No fewer than six teams in Spain’s top flight are in administration at the time of writing; Real Mallorca, Racing Santander, Real Zaragoza, Granada, Real Betis and Rayo Vallecano.
The majority of the £3 billion debt of Spain’s La Liga is held by Barcelona and Real Madrid, both crippled by debt but who continue to spend large sums of money safe in the knowledge that they can negotiate individual pay TV deals which give them a huge financial advantage of their rivals.
But just below them, the likes of Valencia have been forced to sell off their best players in recent years to compete, with David Villa and David Silva leaving last year, whilst Juan Mata looks set to depart this summer.
Atletico Madrid have long been plagued by debt, but it’s at the bottom of the league where the problem is at its worst. The attempt to spend high on wages to remain competitive in the league has led to many teams overreaching themselves in order to remain at the top level.
Some 85% of income, according to a study by a professor at Barcelona University, is accounted for by player wages, an unsustainable situation.
Without a parachute payment scheme that there is in the Premier League, teams who are relegated to the Segunda Liga face financial collapse. Real Betis still suffer the outcome of relegation in 2009, and Deportivo La Coruna have just gone down to that level with staggering debts.
“Let’s not kid ourselves, Spanish football is in a very difficult situation, like our economy,” said José Maria Gay, who wrote. “You can’t spend more than you earn. This is the fundamental rule for economic survival.”
With Barcelona and Real Madrid accounting for £1.2 billion of the debt, Spanish football has been warned against slipping into ‘an economic coma.’
Jose Luis Astiazaran has said that Spain will be bringing in new rules to monitor club finances, something which already happens in France.
“Spanish football needs to make progress towards an exemplary state of solvency,” he said.
“Among the clubs that form the LFP we currently have some dysfunctions which we have to get under control and we will make some decisions that will not be pleasant.
“It’s time to marry the sporting excellence we have achieved with financial excellence.

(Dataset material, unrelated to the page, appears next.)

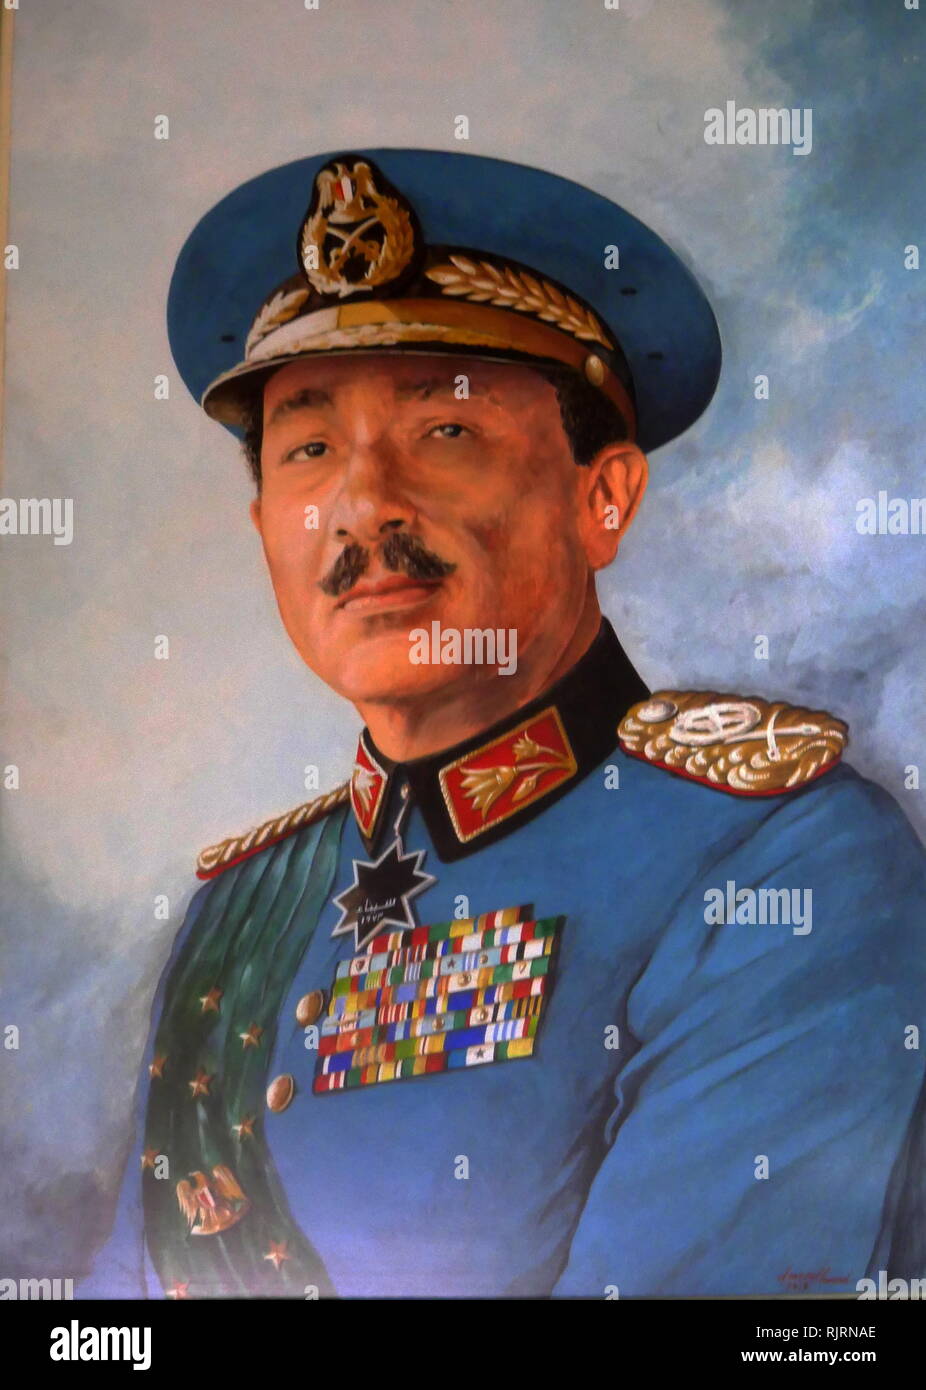 Muhammad Anwar el-Sadat (1918 - 1981), President of Egypt, serving from 15 October 1970 until his assassination by fundamentalist army officers on 6 October 1981. Sadat was a senior member of the Free Officers who overthrew King Farouk in the Egyptian Revolution of 1952, and a close confidant of President Gamal Abdel Nasser, under whom he served as Vice President twice and whom he succeeded as President in 1970. Stock Photo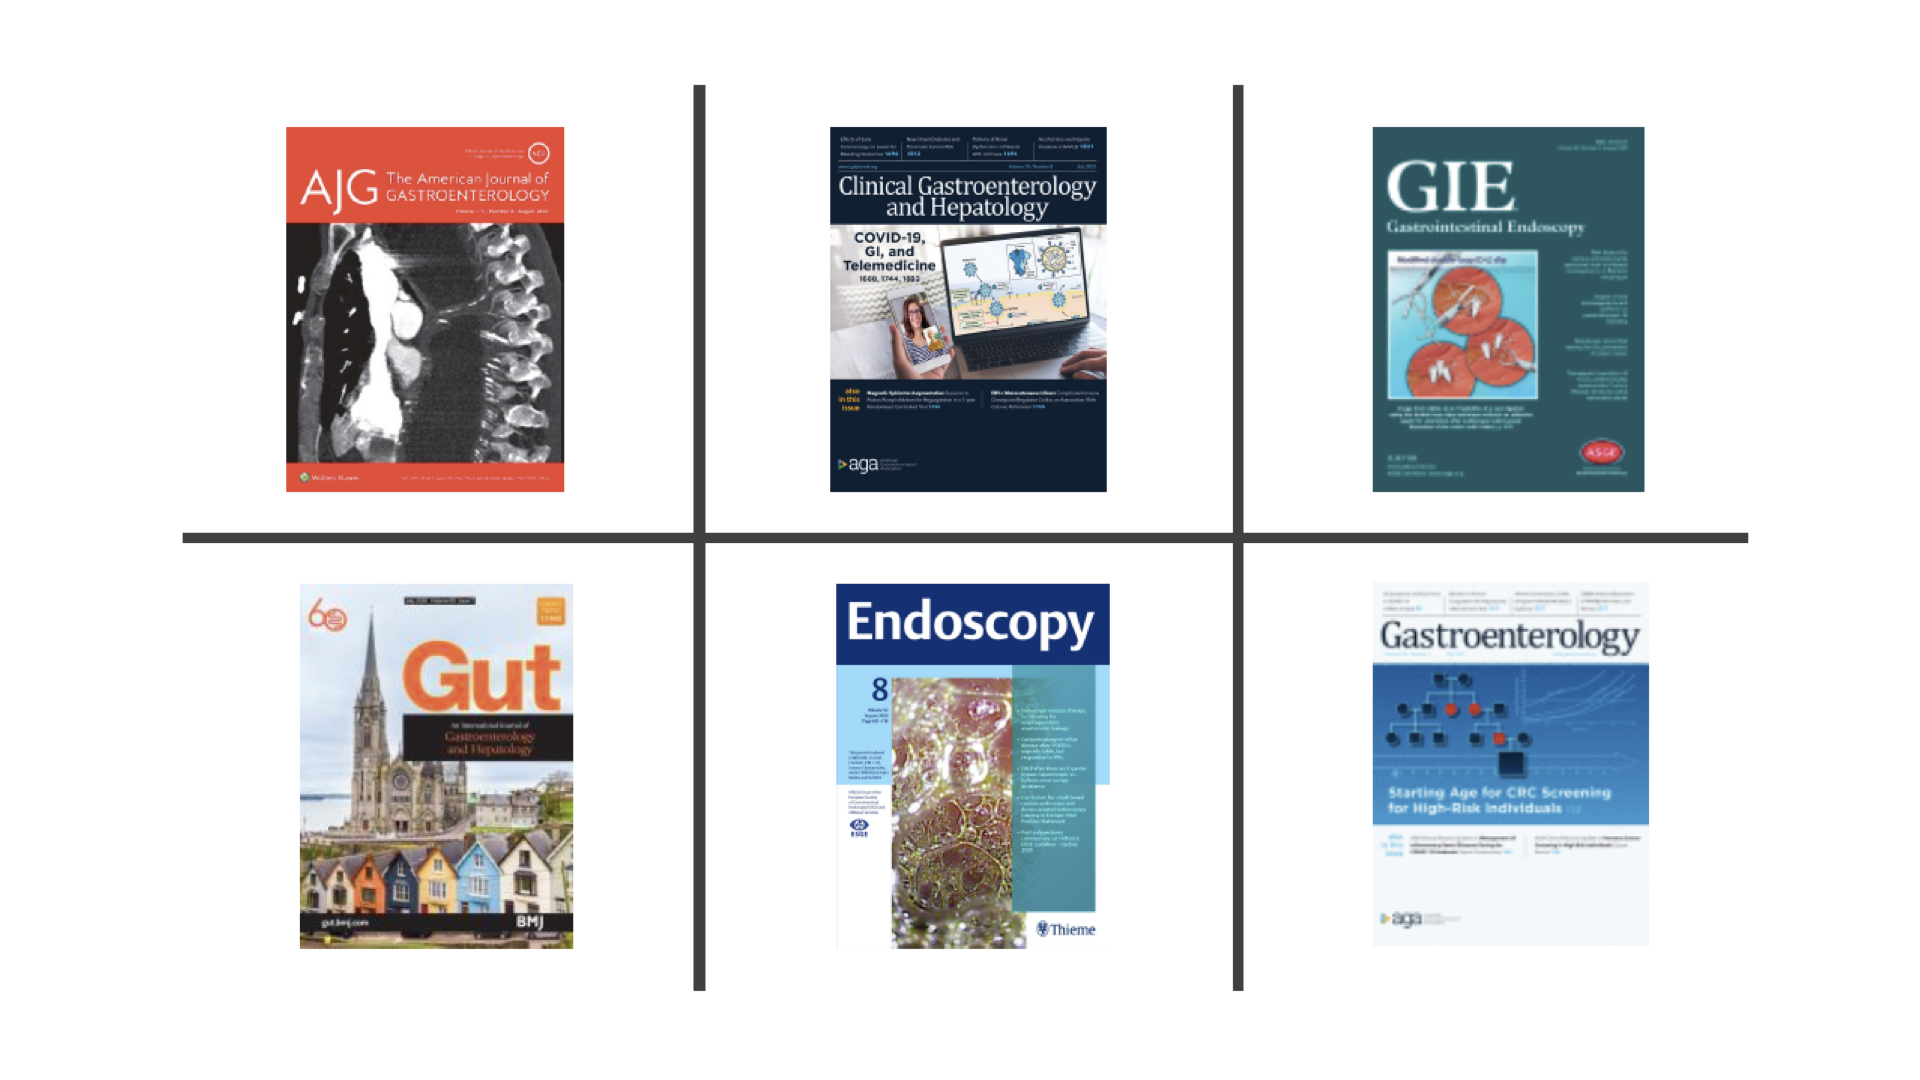 This is image of gastroenterology medical journals

“Spanish soccer, and La Liga to be exact, has gained global admiration and we have to earn this distinction for economic management as well.”
After the general assembly approved the rules, Spanish clubs now have to submit various financial information and can have their licenses taken away.
It is too early to tell whether the plan will work, but if the example of France is anything to go by, it could be a crucial step towards financial sustainability. Spanish football is sleepwalking into economic despair; it now needs to take careful steps back from the edge of the cliff if it is to retain the standard it has reached.